Constraint Engine (System-Agnostic)

The engine and the core calculus are the same surface: define what well‑formed looks like and only valid steps exist. Grammar + typing = one contract. A rule simply licenses a next move and anything unlicensed is unrepresentable.

Sketch (rule shape)

Production:
  NonTerminal(rule) ::= parts[b] ...
Typing:
  premise_1, ..., premise_k
  ------------------------ (rule)
  judgment

Premise forms (closed):
  Γ[...] ⊢ e : τ         # typing
  x ∈ Γ                 # context membership
  τ₁ = τ₂               # convertibility / equality
  predicate(args)       # side condition (fresh, occurs_check, ...)

Minimal ingredients: a binding pattern, one inference line, premises from the four shapes, and an equality notion (plus optional fast predicates).
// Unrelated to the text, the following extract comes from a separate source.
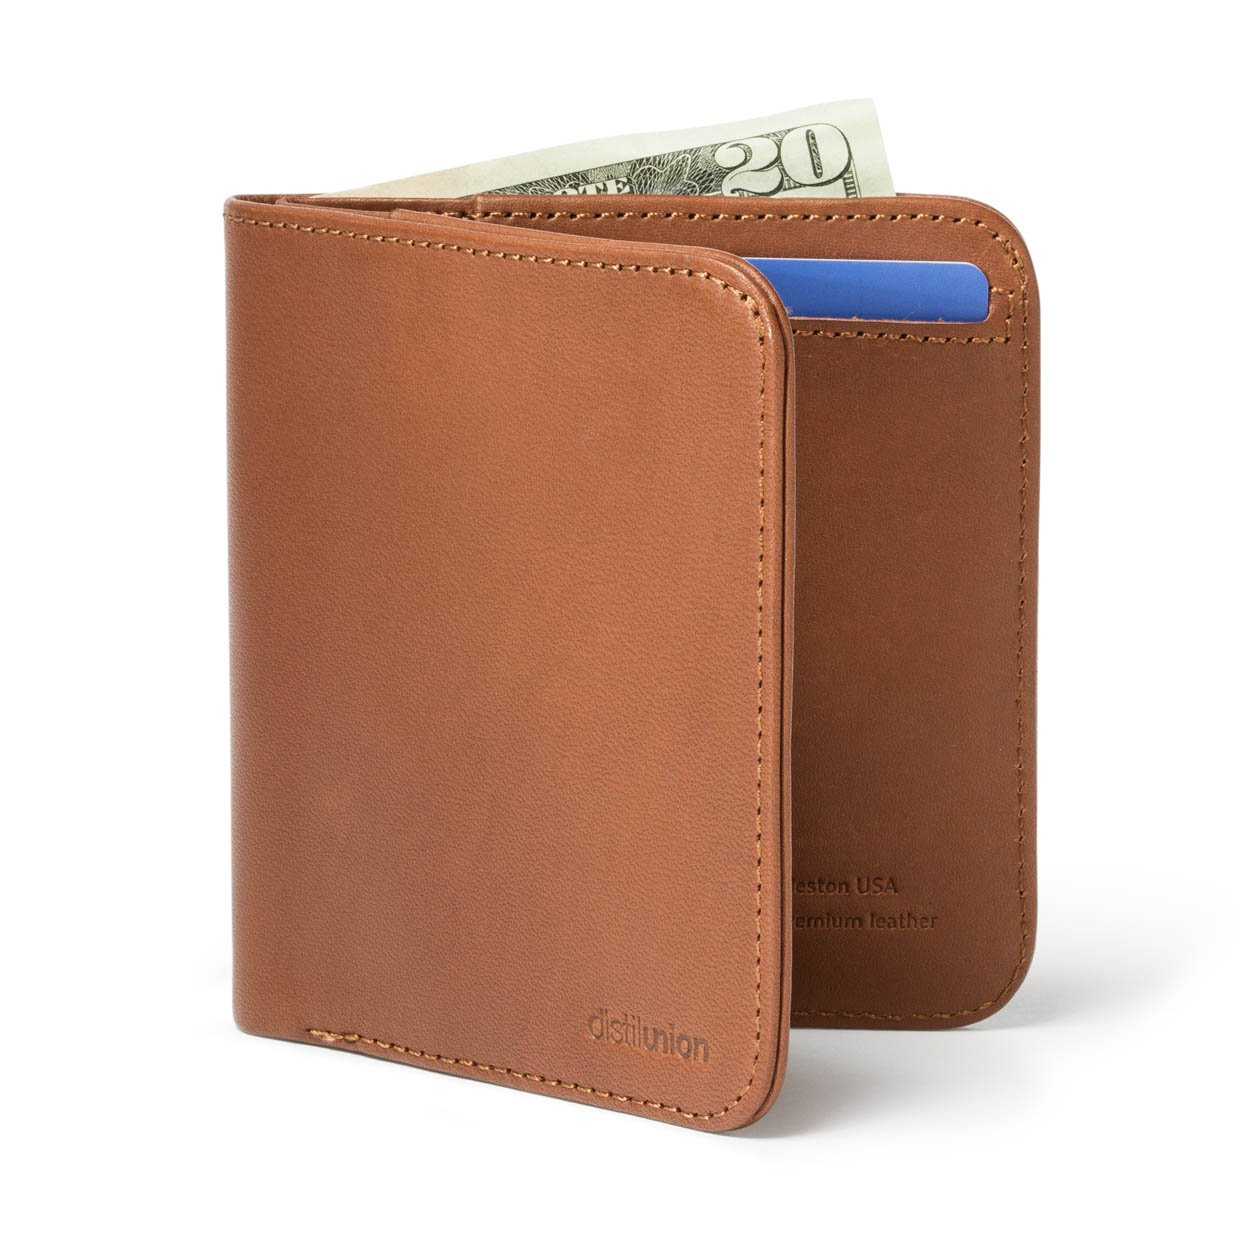 Distil Union/Wally Agent[ウォリーエージェント] メンズ 二つ折りスリム財布 お札入れ&カードホルダー B01MXEVVTJ ヒッコリー ヒッコリー

Meta‑typing (how we stay system‑agnostic):

  • Two levels: object level (terms / proofs) and meta level (the rule file). The rule file itself is parsed and checked before being admitted; rules are data.
  • Each rule undergoes a meta pass: (1) binding hygiene / scope sanity, (2) premise shape validation (only four primitive premise forms), (3) well‑scoped metas resolved or flagged, (4) side predicates whitelisted & sandboxed.
  • Equality / conversion is a pluggable module (β / δ / η / custom normalizers) declared in the rule file header; the engine never hard‑codes a calculus.
  • Adding features = supplying new constructor symbols + rules that relate them. If the meta checker accepts the file, the engine can generate with them without code changes.
  • Reflection boundary: the system never executes object rules at meta time; it simulates them structurally to guarantee they cannot smuggle imperative effects (soundness guard).

The current prototype already exercises this: intersection / union / negation / refinements / universes sit in one rule file; removing them is deleting lines, not recompiling logic. That illustrates the contract: expressiveness lives in data.

Generation loop:

  1. unify with rule conclusions (up to declared conversion)
  2. silently drop rules whose instantiated premises fail
  3. emit admissible refinements (rule id + bindings). Invalid states never materialize.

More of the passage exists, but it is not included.